Fix by taking a reference out on the module upon the first localport
registered, and which is cleared when the last localport is removed.

Signed-off-by: James Smart <jsmart2021 at gmail.com>
---
 drivers/nvme/host/fc.c | 10 ++++++++++
 1 file changed, 10 insertions(+)

diff --git a/drivers/nvme/host/fc.c b/drivers/nvme/host/fc.c
index b7662e237eb9..bd80e2c475da 100644
--- a/drivers/nvme/host/fc.c
+++ b/drivers/nvme/host/fc.c
@@ -229,6 +229,8 @@ nvme_fc_free_lport(struct kref *ref)
 	/* remove from transport list */
 	spin_lock_irqsave(&nvme_fc_lock, flags);
 	list_del(&lport->port_list);
+	if (list_empty(&nvme_fc_lport_list))
+		module_put(THIS_MODULE);
 	spin_unlock_irqrestore(&nvme_fc_lock, flags);
 
 	ida_simple_remove(&nvme_fc_local_port_cnt, lport->localport.port_num);
@@ -398,6 +400,11 @@ nvme_fc_register_localport(struct nvme_fc_port_info *pinfo,
 	newrec->localport.port_num = idx;
 
 	spin_lock_irqsave(&nvme_fc_lock, flags);
+	if (list_empty(&nvme_fc_lport_list) && !try_module_get(THIS_MODULE)) {
+		spin_unlock_irqrestore(&nvme_fc_lock, flags);
+		ret = -ENODEV;
+		goto out_dev_put;
+	}
 	list_add_tail(&newrec->port_list, &nvme_fc_lport_list);
 	spin_unlock_irqrestore(&nvme_fc_lock, flags);
 
@@ -407,6 +414,9 @@ nvme_fc_register_localport(struct nvme_fc_port_info *pinfo,
 	*portptr = &newrec->localport;
 	return 0;
 
+out_dev_put:
+	if (dev)
+		put_device(dev);
 out_ida_put:
 	ida_simple_remove(&nvme_fc_local_port_cnt, idx);
 out_fail_kfree:
-- 
2.13.7

^ permalink raw reply related	[flat|nested] 10+ messages in thread

* [PATCH] nvme-fc: fix module unloads while lports still pending
  2019-06-25 16:06 [PATCH] nvme-fc: fix module unloads while lports still pending James Smart
@ 2019-06-26 22:20 ` Arun Easi
  2019-06-26 23:00   ` James Smart
  2019-06-28  7:16 ` Christoph Hellwig
  1 sibling, 1 reply; 10+ messages in thread
From: Arun Easi @ 2019-06-26 22:20 UTC (permalink / raw)

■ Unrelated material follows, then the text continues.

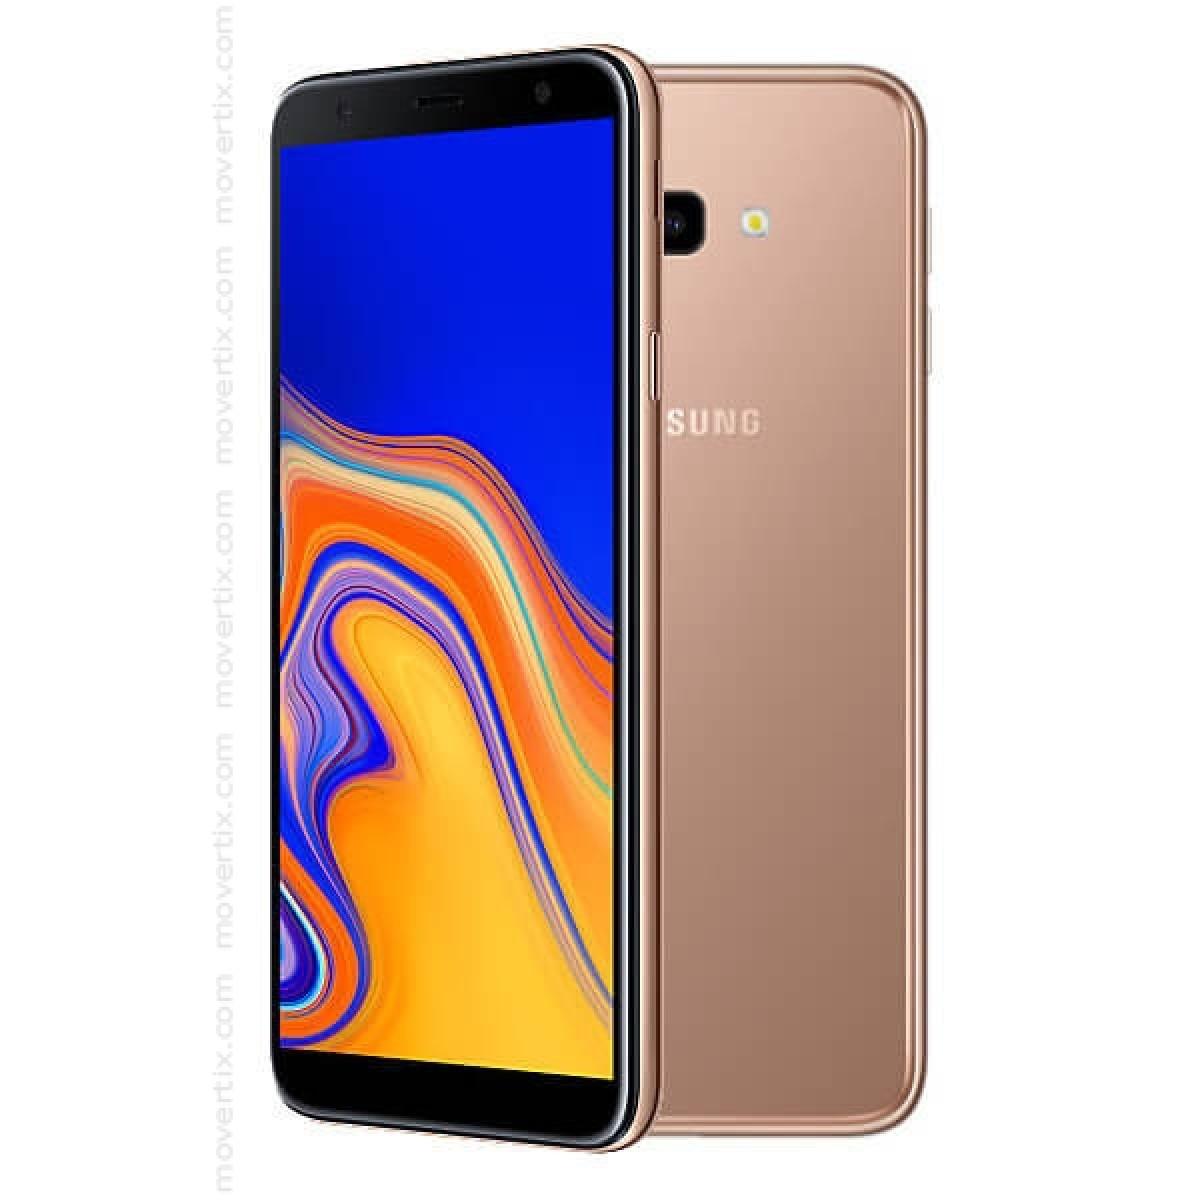 Samsung Galaxy J4 Plus (2018) Dual SIM Gold (SM-J415F/DS)

On Tue, 25 Jun 2019, 9:06am, James Smart wrote:

> Current code allows the module to be unloaded even if there are
> pending data structures, such as localports and controllers on
> the localports, that have yet to hit their reference counting
> to remove them.
> 
> Fix by taking a reference out on the module upon the first localport
> registered, and which is cleared when the last localport is removed.
> 
> Signed-off-by: James Smart <jsmart2021 at gmail.com>
> ---
>  drivers/nvme/host/fc.c | 10 ++++++++++
>  1 file changed, 10 insertions(+)
> 
> diff --git a/drivers/nvme/host/fc.c b/drivers/nvme/host/fc.c
> index b7662e237eb9..bd80e2c475da 100644
> --- a/drivers/nvme/host/fc.c
> +++ b/drivers/nvme/host/fc.c
> @@ -229,6 +229,8 @@ nvme_fc_free_lport(struct kref *ref)
>  	/* remove from transport list */
>  	spin_lock_irqsave(&nvme_fc_lock, flags);
>  	list_del(&lport->port_list);
> +	if (list_empty(&nvme_fc_lport_list))
> +		module_put(THIS_MODULE);
>  	spin_unlock_irqrestore(&nvme_fc_lock, flags);
>  
>  	ida_simple_remove(&nvme_fc_local_port_cnt, lport->localport.port_num);
> @@ -398,6 +400,11 @@ nvme_fc_register_localport(struct nvme_fc_port_info *pinfo,
>  	newrec->localport.port_num = idx;
>  
>  	spin_lock_irqsave(&nvme_fc_lock, flags);
> +	if (list_empty(&nvme_fc_lport_list) && !try_module_get(THIS_MODULE)) {
> +		spin_unlock_irqrestore(&nvme_fc_lock, flags);
> +		ret = -ENODEV;
> +		goto out_dev_put;
> +	}
>  	list_add_tail(&newrec->port_list, &nvme_fc_lport_list);
>  	spin_unlock_irqrestore(&nvme_fc_lock, flags);
>  
> @@ -407,6 +414,9 @@ nvme_fc_register_localport(struct nvme_fc_port_info *pinfo,
>  	*portptr = &newrec->localport;
>  	return 0;
>  
> +out_dev_put:
> +	if (dev)
> +		put_device(dev);
>  out_ida_put:
>  	ida_simple_remove(&nvme_fc_local_port_cnt, idx);
>  out_fail_kfree:
> 

Changes look ok.

Did you hit this during testing? Wondering because LLD would have unloaded 
prior to nvme_fc, so no lport/rport should remain if LLD behaves well.

-Arun

^ permalink raw reply	[flat|nested] 10+ messages in thread

* [PATCH] nvme-fc: fix module unloads while lports still pending
  2019-06-26 22:20 ` Arun Easi
@ 2019-06-26 23:00   ` James Smart
  2019-06-27  0:02     ` [EXT] " Arun Easi
  0 siblings, 1 reply; 10+ messages in thread
From: James Smart @ 2019-06-26 23:00 UTC (permalink / raw)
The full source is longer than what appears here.